Inheritance of hypertrophic cardiomyopathy: a cross sectional and M mode echocardiographic study of 50 families

• Published in: British Heart Journal Vol. 58; no. 3; pp. 259 - 266
• Main Authors: Greaves, S C, Roche, A H, Neutze, J M, Whitlock, R M, Veale, A M
• Format: Journal Article
• Language: English
• Published: London BMJ Publishing Group Ltd and British Cardiovascular Society 01.09.1987; BMJ; BMJ Publishing Group LTD
• Subjects: Adolescent; Adult; Aged; Aged, 80 and over; Aging - pathology; Biological and medical sciences; Cardiology.
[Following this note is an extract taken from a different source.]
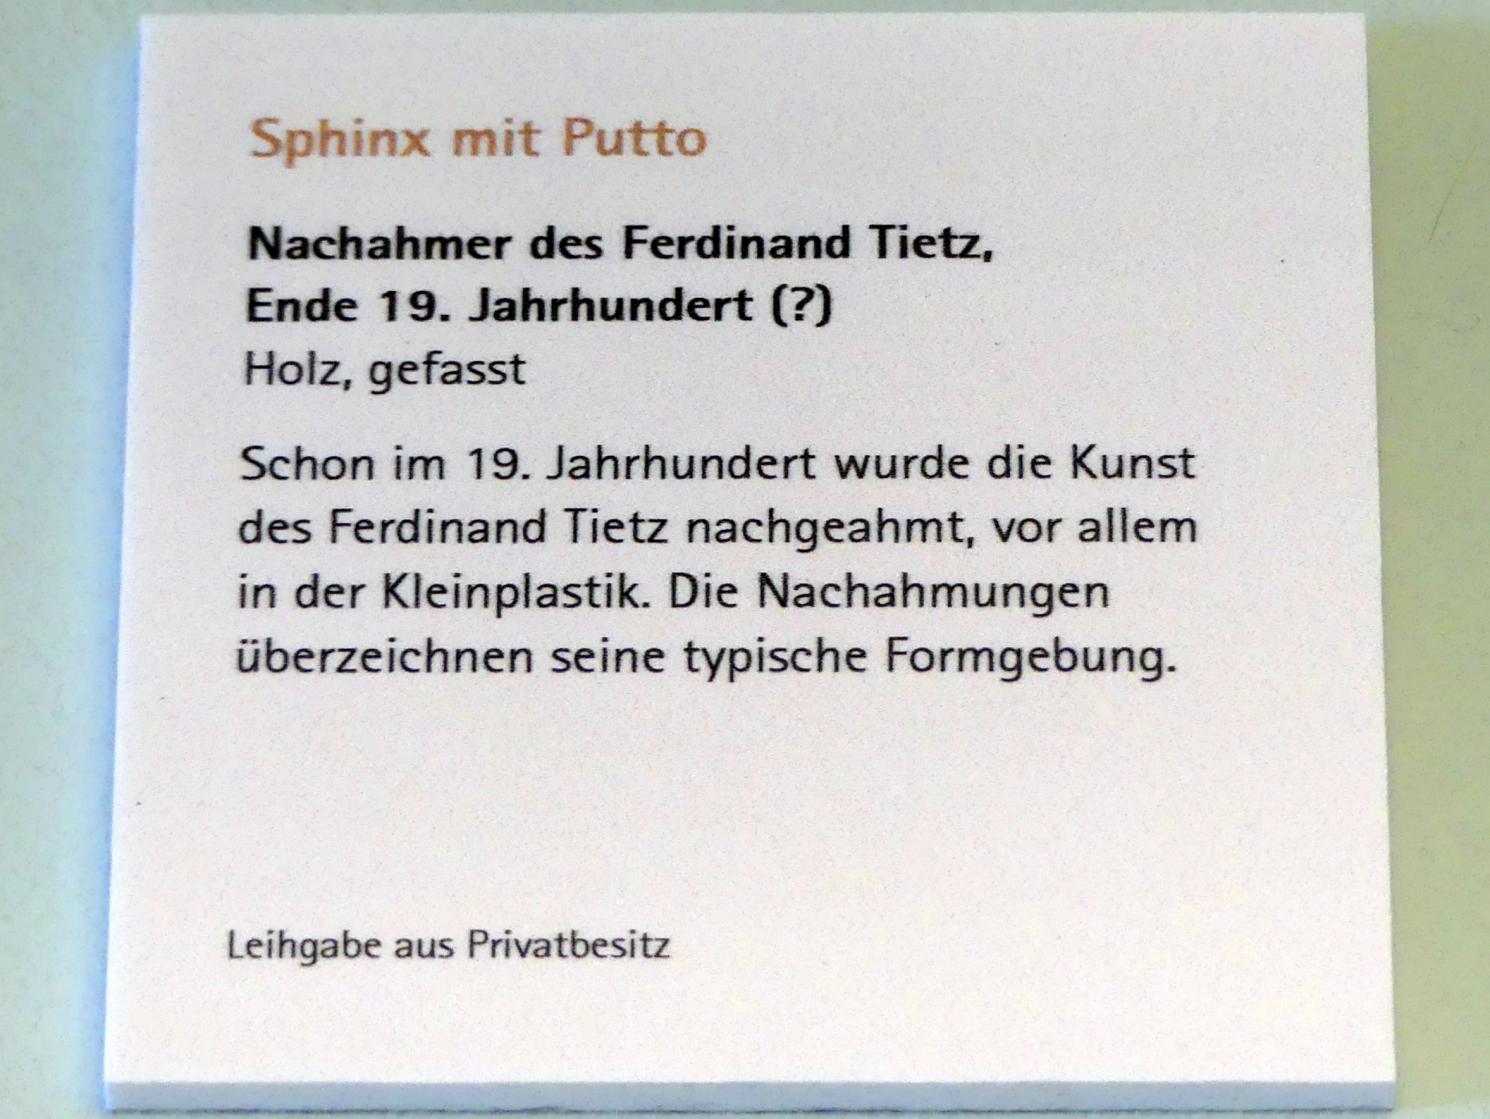 Sphinx mit Putto, Würzburg, Museum für Franken (ehem. Mainfränkisches Museum), Bozzetti-Sammlung, Ende 19. Jhd., Bild 2/2

Vascular system; Cardiomyopathy, Hypertrophic - diagnosis; Cardiomyopathy, Hypertrophic - genetics; Child; Child, Preschool; Echocardiography - methods; Female; Heart; Heart Septum - pathology; Humans; Infant; Male; Medical sciences; Middle Aged; Myocarditis. Cardiomyopathies; New Zealand; New Zealand; Human; Echocardiography; Family study; Autosomal character; Ultrasonic investigation; Inheritance; Hypertrophic cardiomyopathy; Cardiovascular disease; Dominant character; Myocardial disease; Two dimensional technique
• ISSN: 0007-0769; 1468-201X; 2053-5864
• DOI: 10.1136/hrt.58.3.259

To determine the mode of inheritance of hypertrophic cardiomyopathy 193 first degree relatives (parents, siblings, and offspring) of 50 patients with hypertrophic cardiomyopathy were assessed by clinical examination, electrocardiography, M mode and cross sectional echocardiography, and necropsy when available. Thirty nine (20%) first degree relatives had hypertrophic cardiomyopathy--37% of parents, 25% of siblings, and 8% of offspring. Eight (23%) of 35 affected relatives diagnosed by echocardiography had normal clinical and electrocardiographic findings. In the total study group 43% of the male population and 30% of the female population were affected. This difference is statistically significant. In 28/50 families there was familial occurrence of hypertrophic cardiomyopathy. Familial occurrence was demonstrated in 17 of 18 families in which five or more family members were assessed. In 15 families the pattern of inheritance was consistent with an autosomal dominant trait; in the other 13 the affected members were identified in a single generation and the pattern of inheritance could not be determined.